Make a list with 10 million 10's.

In [2]:
myLen = 10000000*5
myList = [10]*myLen
myList[:15]

[10, 10, 10, 10, 10, 10, 10, 10, 10, 10, 10, 10, 10, 10, 10]

In [3]:
def squared(num):
    num**2

def squareList(lst):
    for i in lst:
        squared(i)    

# Square all of the numbers in the list.

Just a regular for loop.

In [4]:
def p_plain(list_len):
    myLen = list_len
    myList = [10]*myLen
    
    start = time.time() #  Get current time
    squareList(myList)
    serialprocesstime = time.time() - start
    print("Squaring 10 million numbers took {} seconds.".format(round(serialprocesstime,2)))
    
    return serialprocesstime

# Squaring with multiprocessing

Let's do the same squaring function we did before, but this time with multiprocessing

According to the python docs, pool cannot be used in the interactive interpreter.
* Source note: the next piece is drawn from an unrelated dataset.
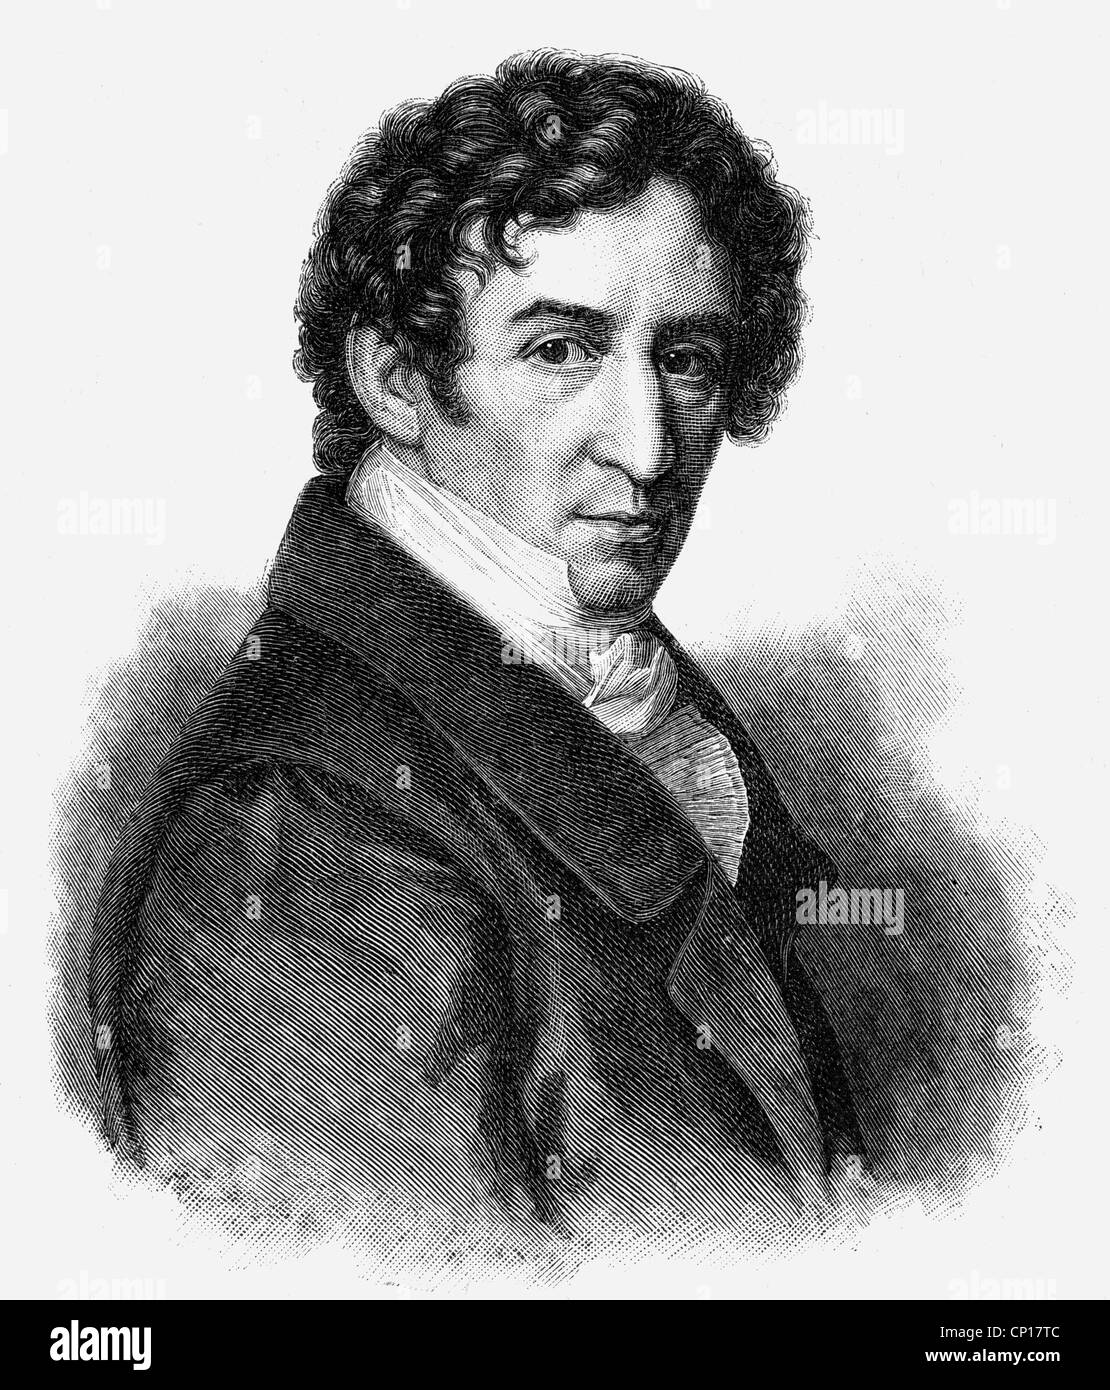 Devrient, Ludwig, 15.12.1784 - 30.12.1832, German actor and theatre critic, portrait, wood engraving after drawing by F. C. Gröger, 1822, Stock Photo

It seems that this extends to an ipython notebook.
<a href="https://docs.python.org/3/library/multiprocessing.html#using-a-pool-of-workers">python pool docs</a>

In [5]:
def p_multi(list_len):
    num_processes = multiprocessing.cpu_count() # number of cores?
    
    process_list = [] # jobs to be run simultaneously
    
    # recreate a list of 10 mil numbers
    myList = [10]*(list_len//num_processes) # divide the iterable into the number of cores available
    
    for p in range(num_processes):
        p = Process(target=squareList, args=(myList,)) # create two iterations of your target function ("target=myFunc")
        process_list.append(p)

    start = time.time()
    for p in process_list:
        p.start()

    for p in process_list:
        p.join() # unsure, but maybe puts everything back together again

    squareprocesstime = time.time() - start
    print("Squaring 10 million numbers took {} seconds with {} processes.".format(round(squareprocesstime,2),num_processes))
    
    return squareprocesstime

# Limitations

Length of job needs to be long enough so that the cost of setting up all the multiprocessing
can be outweighed by the speed increases.

e.g., 
    - squaring a list of 10K numbers will be slightly slower with mp
    - squaring a list of 100K numbers will be about even
    - squaring a list of 1M numbers or more and the mp will begin to be faster
    - perhaps the max speed boost is the number of cores? (e.g. 2x boost)

In [17]:
myLen = 15**5
speed_increase = p_plain(myLen) / p_multi(myLen)
print(f"Multiprocessing was {round(speed_increase,2)}X faster.")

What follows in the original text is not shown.